The terminal was replaced with a Pygame GUI designed to feel like a typewriter. I presented Prototype 3 at OCAD's notQuiteThere(yet) exhibition in October 2024. Engagement increased substantially, but the interface still felt like a prototype wrapper, not a platform.
Prototype 4: web stack, two play modes, and a cabinet
For the final prototype I rebuilt the architecture entirely: FastAPI backend, Vite and React frontend, both new to me going into this project. Two insights from watching players drove the interface redesign. First, long horizontal text streams were hard to read, so I moved to a two-column layout with narrative on the left and controls on the right. Second, free text input created confusion when the model was already offering numbered choices, so I replaced the text box with numbered buttons.

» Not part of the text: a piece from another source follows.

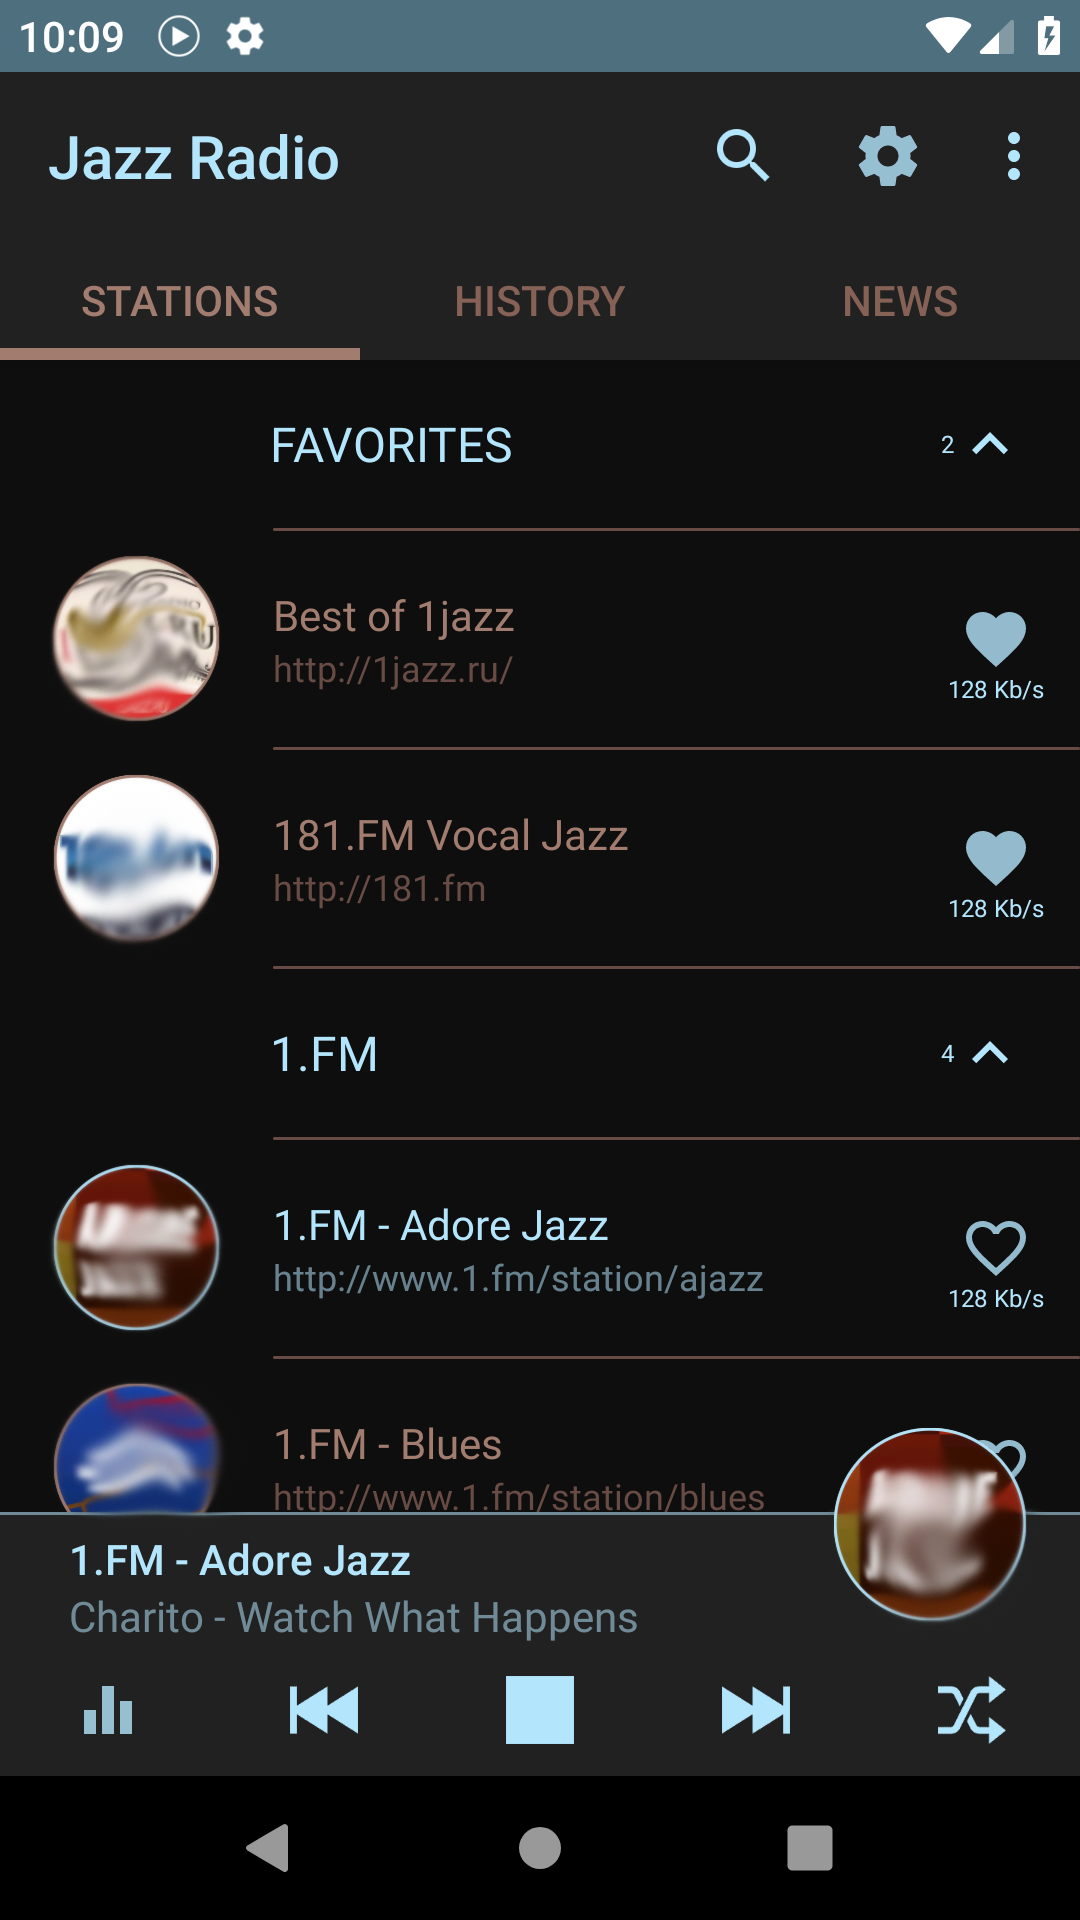 Jazz & Blues Music Radio APK 4.15.0 for Android – Download Jazz & Blues  Music Radio APK Latest Version from APKFab.com
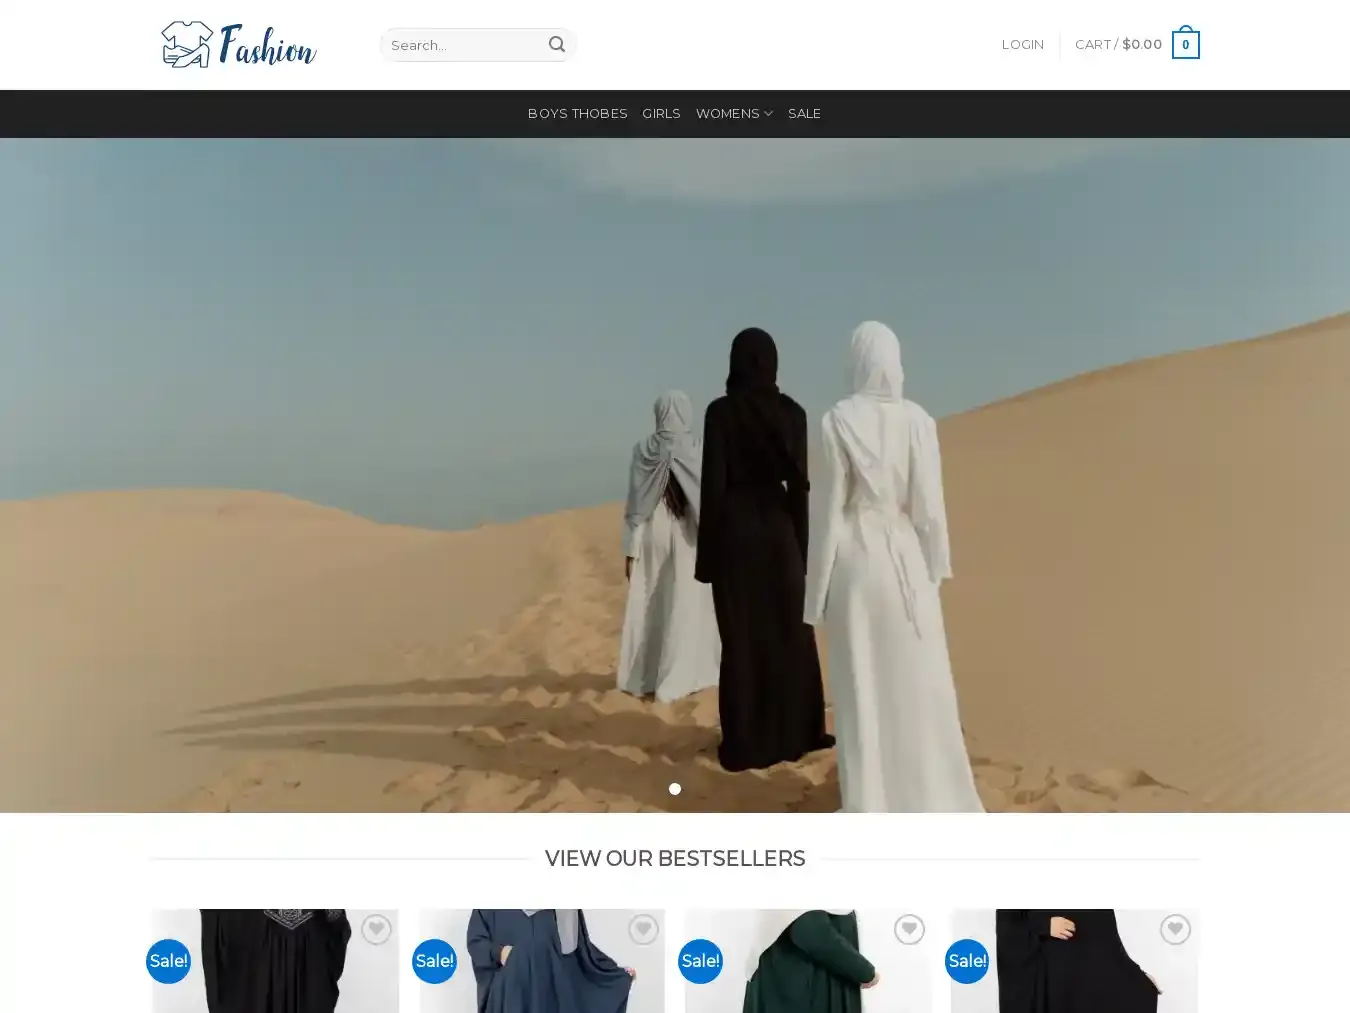 Sawfashionoff.com Fraudulent Fashion website.

The redesign also introduced Story Mode (temperature 0.2, closely aligned with the Story Card) and Forge Mode (temperature 0.8, significantly more latitude for unexpected branching), making temperature an explicit, player-controlled design variable. At the DFX exhibition, Forge Mode became the dominant choice, and players gathered to watch sessions unfold.


The final build
A locally hosted React and FastAPI web application with a custom Ollama backend running llama3 8B. A Story Card system providing a persistent YAML narrative reference at every model turn. Two play modes giving the player direct control over the structure-to-freedom ratio. A two-column interface with scrollable narrative text on the left and numbered button input on the right, housed inside a custom CNC-machined arcade cabinet built from half-inch MDF with painted panels and vinyl decals, enclosing a 27-inch monitor with the backend running inside the enclosure.


Reflection
The most important design decision in this project was not a UI choice: it was the invention of the Story Card. Every other improvement, from temperature tuning to model selection to the mode system, was built on top of that one structural idea: give the model a persistent reference it checks at every turn, and narrative coherence becomes manageable.
Story Mode and Forge Mode did not resolve the tension between structure and freedom. They made it explicit and gave the player control over where on that spectrum they wanted to be. What I would push next: multi-book support with a Story Card authoring interface, cloud model options for faster response times, and a multiplayer mode where two players navigate branching decisions together.